--- About this exercise ---
Copy without pictures. Please restate each line of the listing exactly.

--- Provided data ---
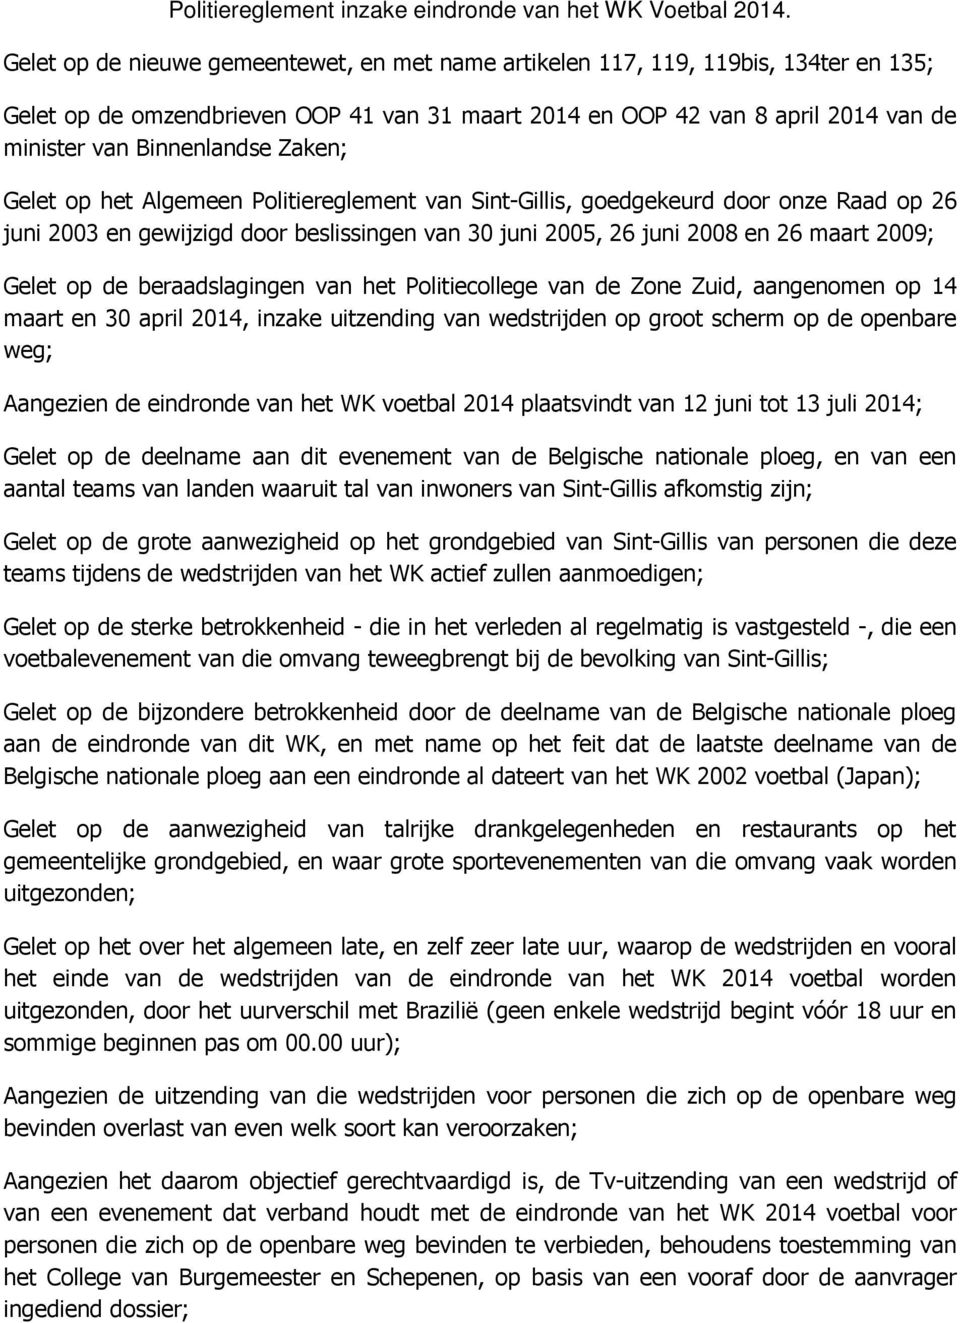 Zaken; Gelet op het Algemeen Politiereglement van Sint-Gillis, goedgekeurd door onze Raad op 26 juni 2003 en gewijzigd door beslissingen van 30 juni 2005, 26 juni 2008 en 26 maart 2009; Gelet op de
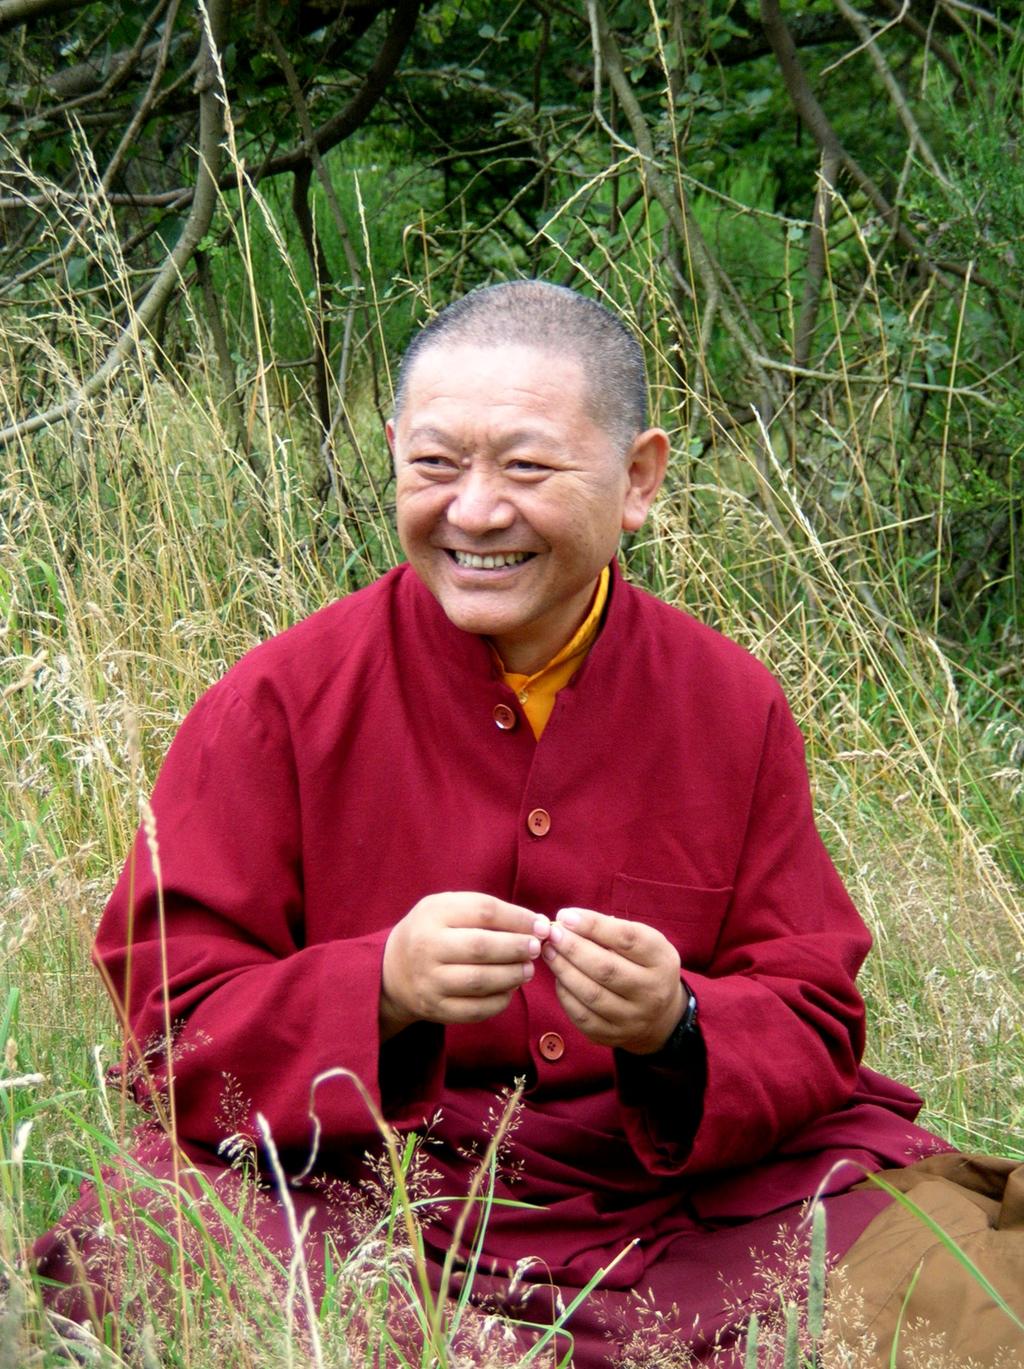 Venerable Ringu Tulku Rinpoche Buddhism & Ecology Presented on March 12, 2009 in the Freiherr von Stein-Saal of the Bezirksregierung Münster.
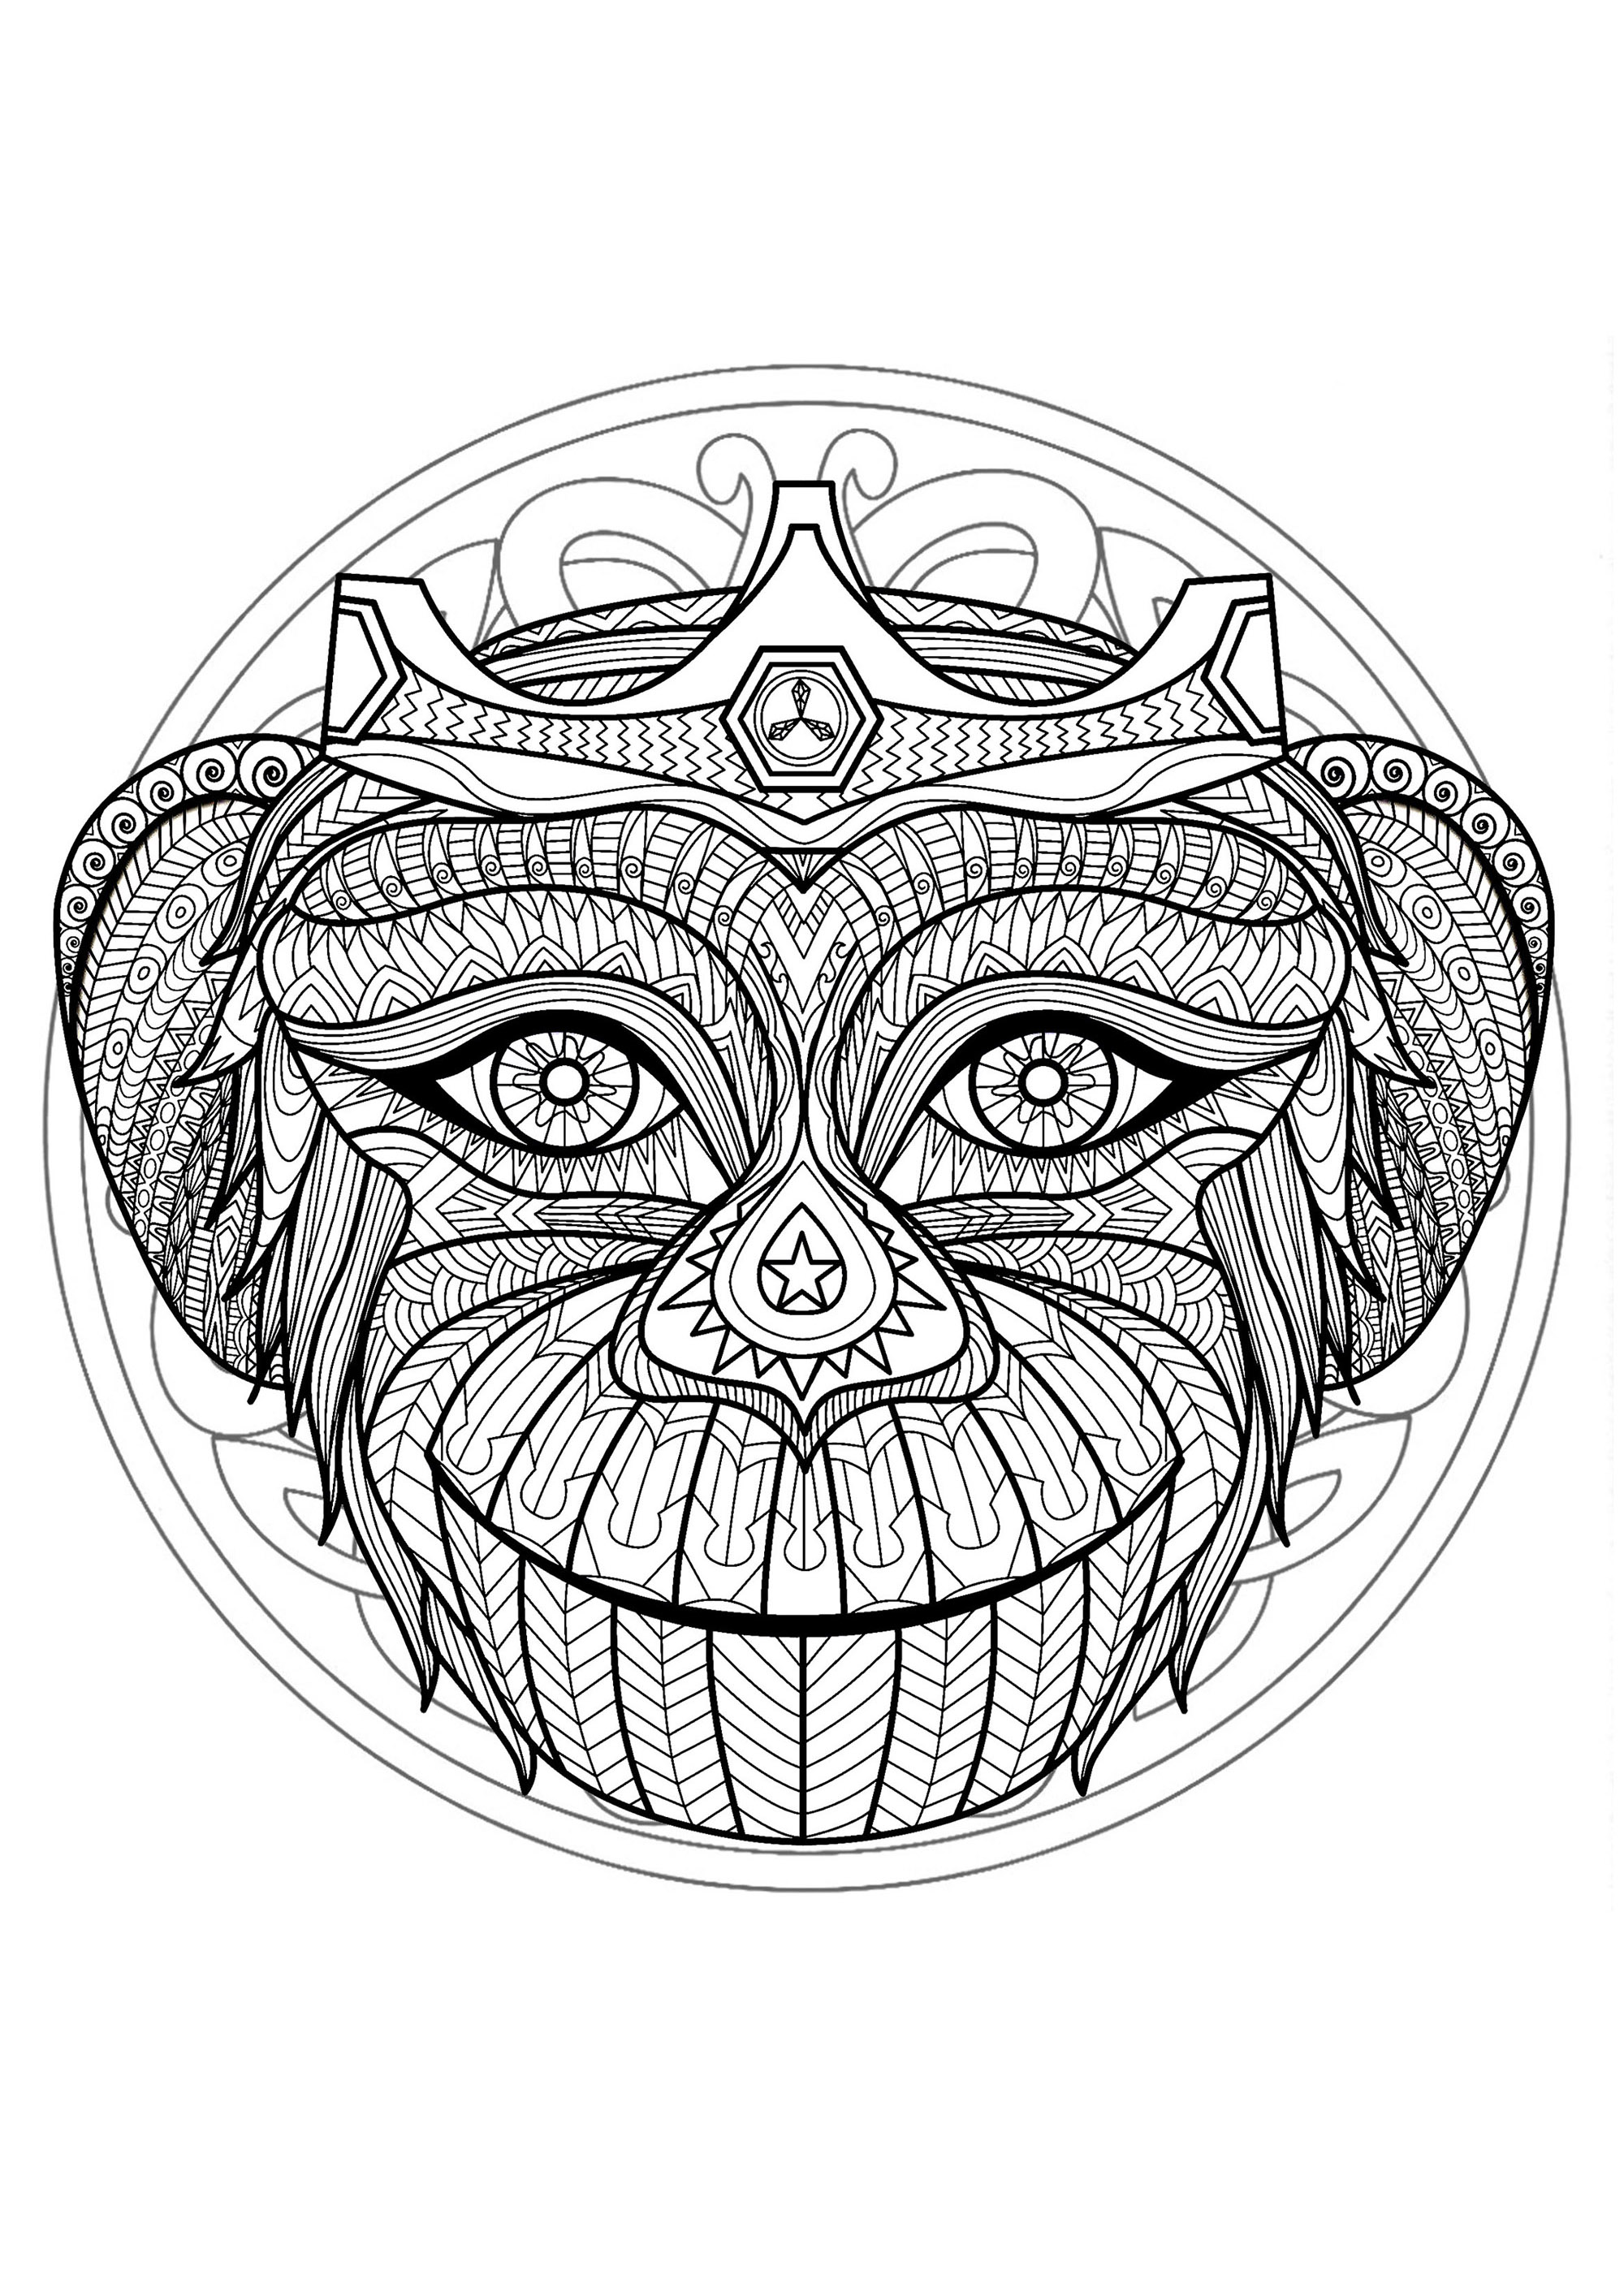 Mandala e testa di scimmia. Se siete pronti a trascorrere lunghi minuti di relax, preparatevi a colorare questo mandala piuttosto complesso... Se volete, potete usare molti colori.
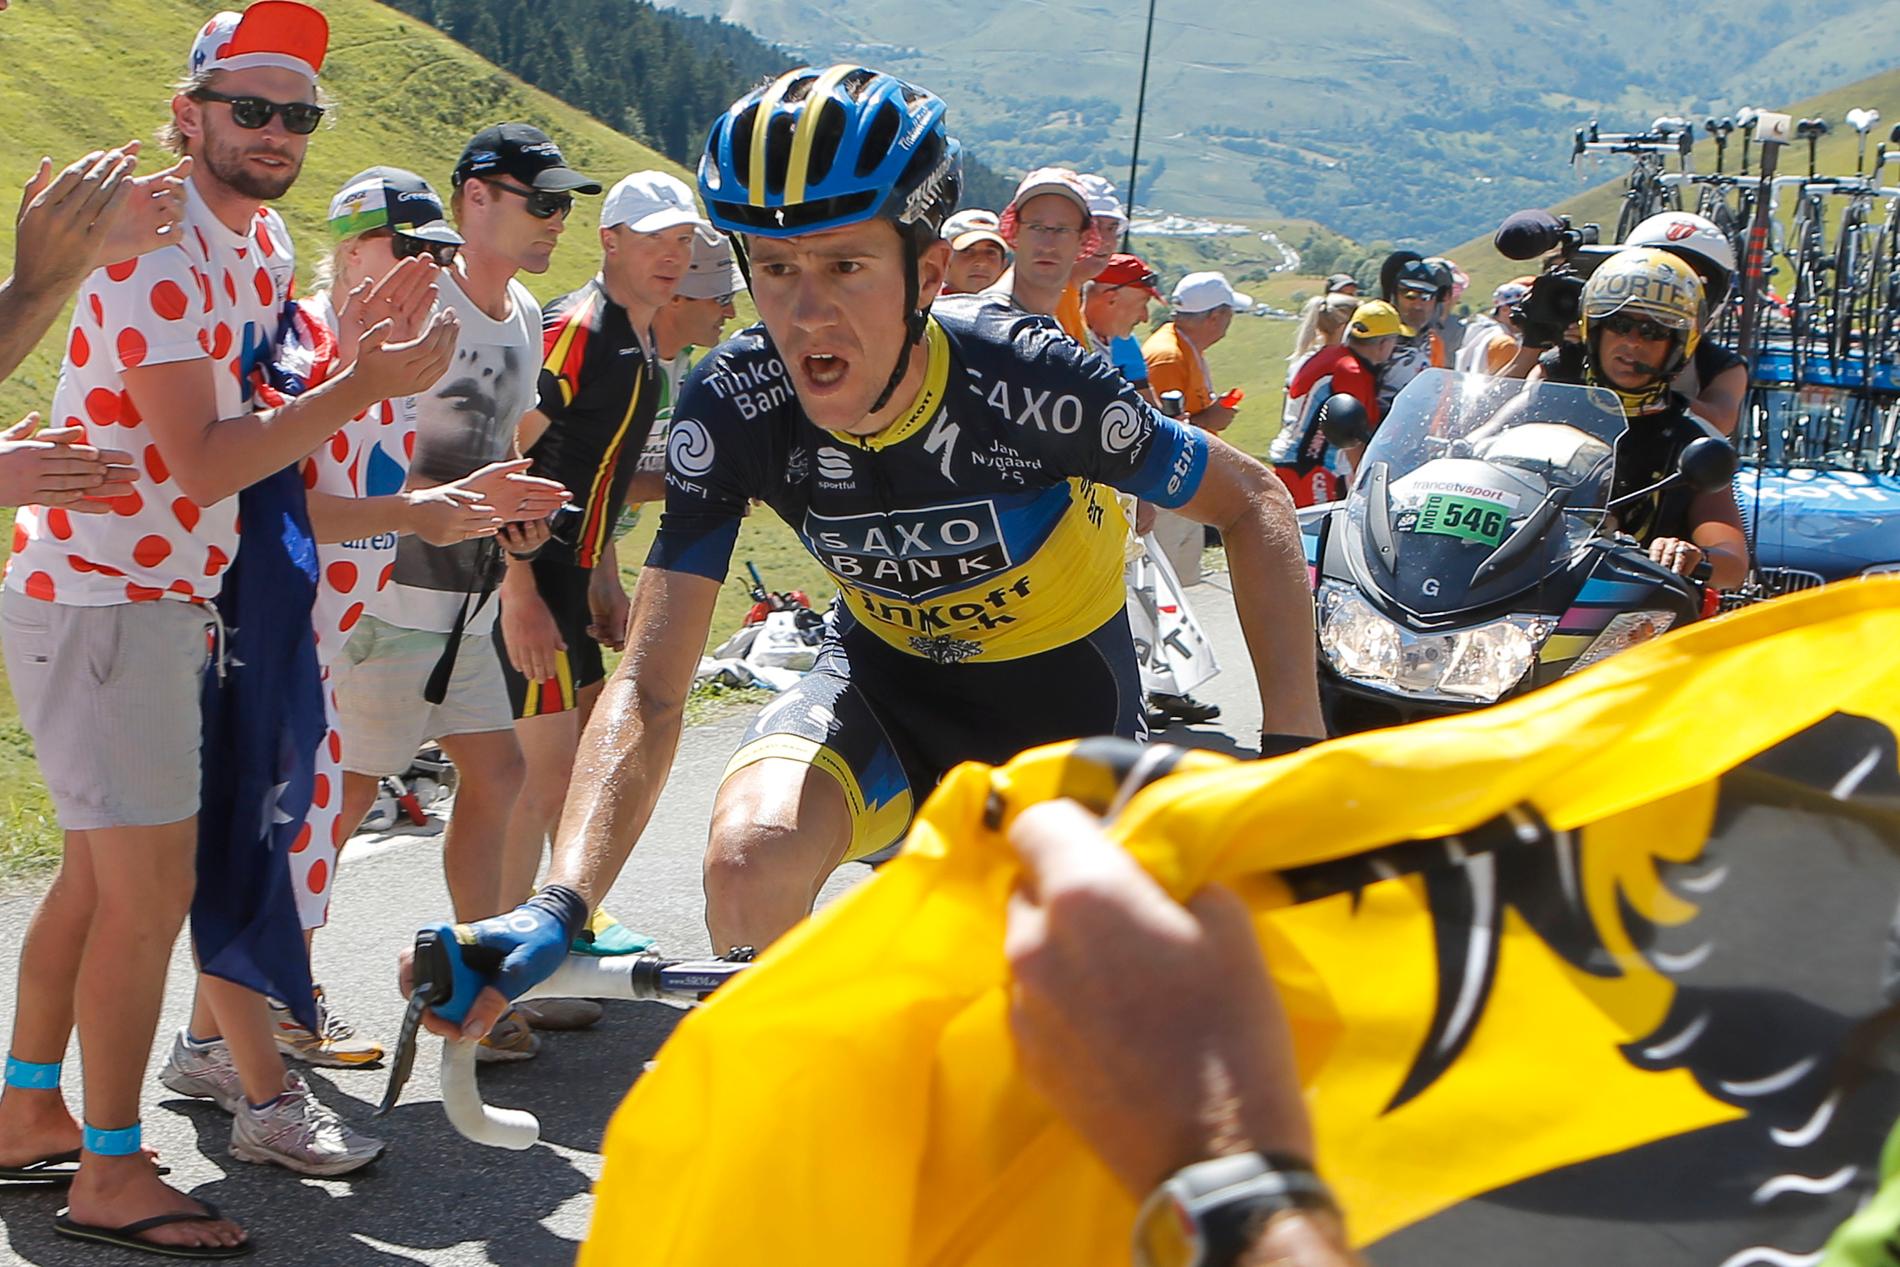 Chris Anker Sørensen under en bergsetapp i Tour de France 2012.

--- Answer box ---
 Zaken; Gelet op het Algemeen Politiereglement van Sint-Gillis, goedgekeurd door onze Raad op 26 juni 2003 en gewijzigd door beslissingen van 30 juni 2005, 26 juni 2008 en 26 maart 2009; Gelet op de
 Venerable Ringu Tulku Rinpoche Buddhism & Ecology Presented on March 12, 2009 in the Freiherr von Stein-Saal of the Bezirksregierung Münster.
 Mandala e testa di scimmia. Se siete pronti a trascorrere lunghi minuti di relax, preparatevi a colorare questo mandala piuttosto complesso... Se volete, potete usare molti colori.
 Chris Anker Sørensen under en bergsetapp i Tour de France 2012.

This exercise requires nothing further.